Haixi: Pioneer of a Workable Plan for Ecological, Economic and Social Development
China Today by Huang Yuanjun & Hu Ge, October 14, 2016 Adjust font size:
During his inspection tour of Qinghai Province in August this year Chinese President Xi Jinping observed that “the most valuable part of Qinghai is its ecology, in which lie the province’s most important responsibility and biggest potential.” President Xi has repeatedly stressed that ecological preservation is in the interest of a society’s long-term and overall development.
Effective Desertification Control
The Qinghai-Tibet Plateau is a place of great natural beauty with its magnificent landscape and untouched environment. Haixi Mongolian and Tibetan Autonomous Prefecture, Qinghai Province, is north of the plateau. Most of Haixi is in the Qaidam Basin, with the Altun and Qilian mountains to its north and the Kunlun Mountain to its south. The region is within easy reach of Gansu, Xinjiang, and Tibet.

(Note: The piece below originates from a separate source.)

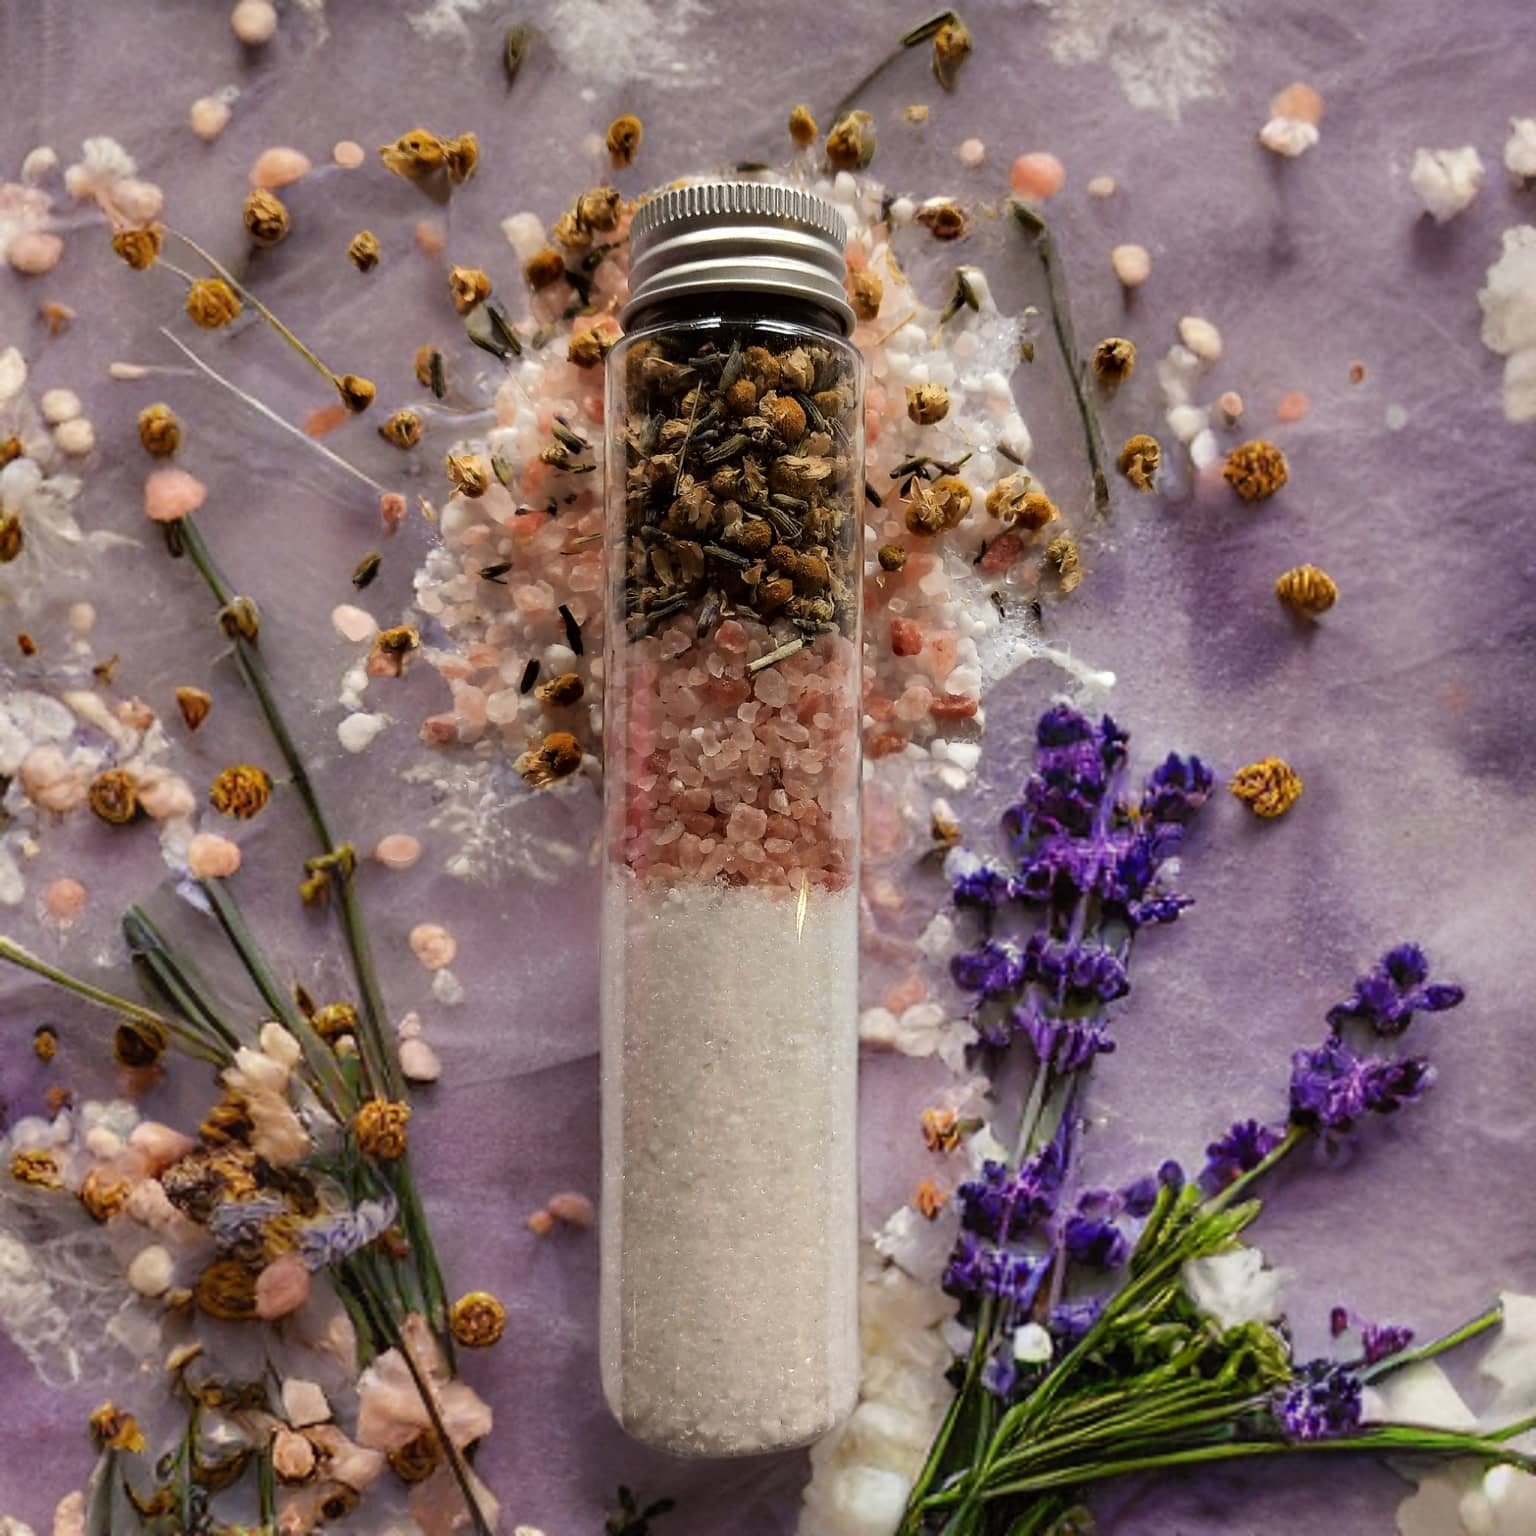 Indulge in our Elizabethan Chamomile Lavender Botanical Bath Salt Tube for the ultimate relaxation bath experience.
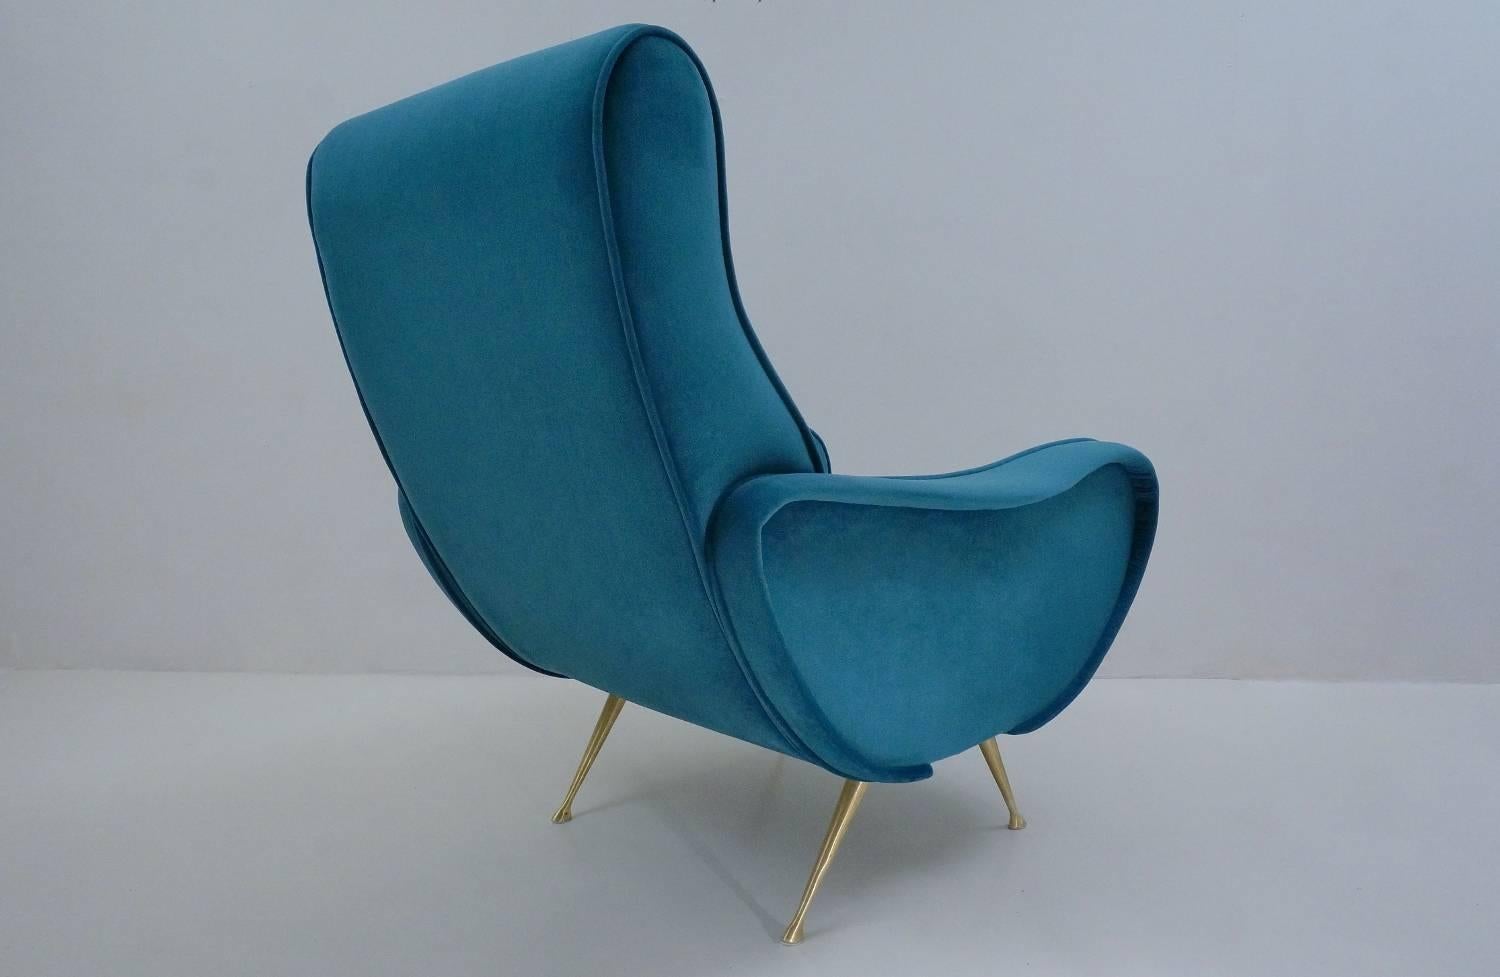 1950s Style Armchair Newly Made to Order in 25 Colors,  Italian In Excellent Condition For Sale In London, GB

The goji berry cultivation base.
The Qaidam Basin, one of the eight biggest deserts in China, is Qinghai’s largest area of desert, and also the hardest to control. Between 2011 and 2015, Haixi prevented and controlled 130,000 hectares of desertification, and reclaimed 147,000 hectares of sandy land, thereby increasing forest coverage and decreasing the amount of desert. These efforts have stopped Haixi from being plagued by a vicious circle, in which ecological management is followed by further damage.
In seeking to develop an economy that prevents and controls desertification and blazes a trail for local farmers and herdsmen to prosper, Haixi has discovered a workable plan – nurturing and developing the goji berry industry.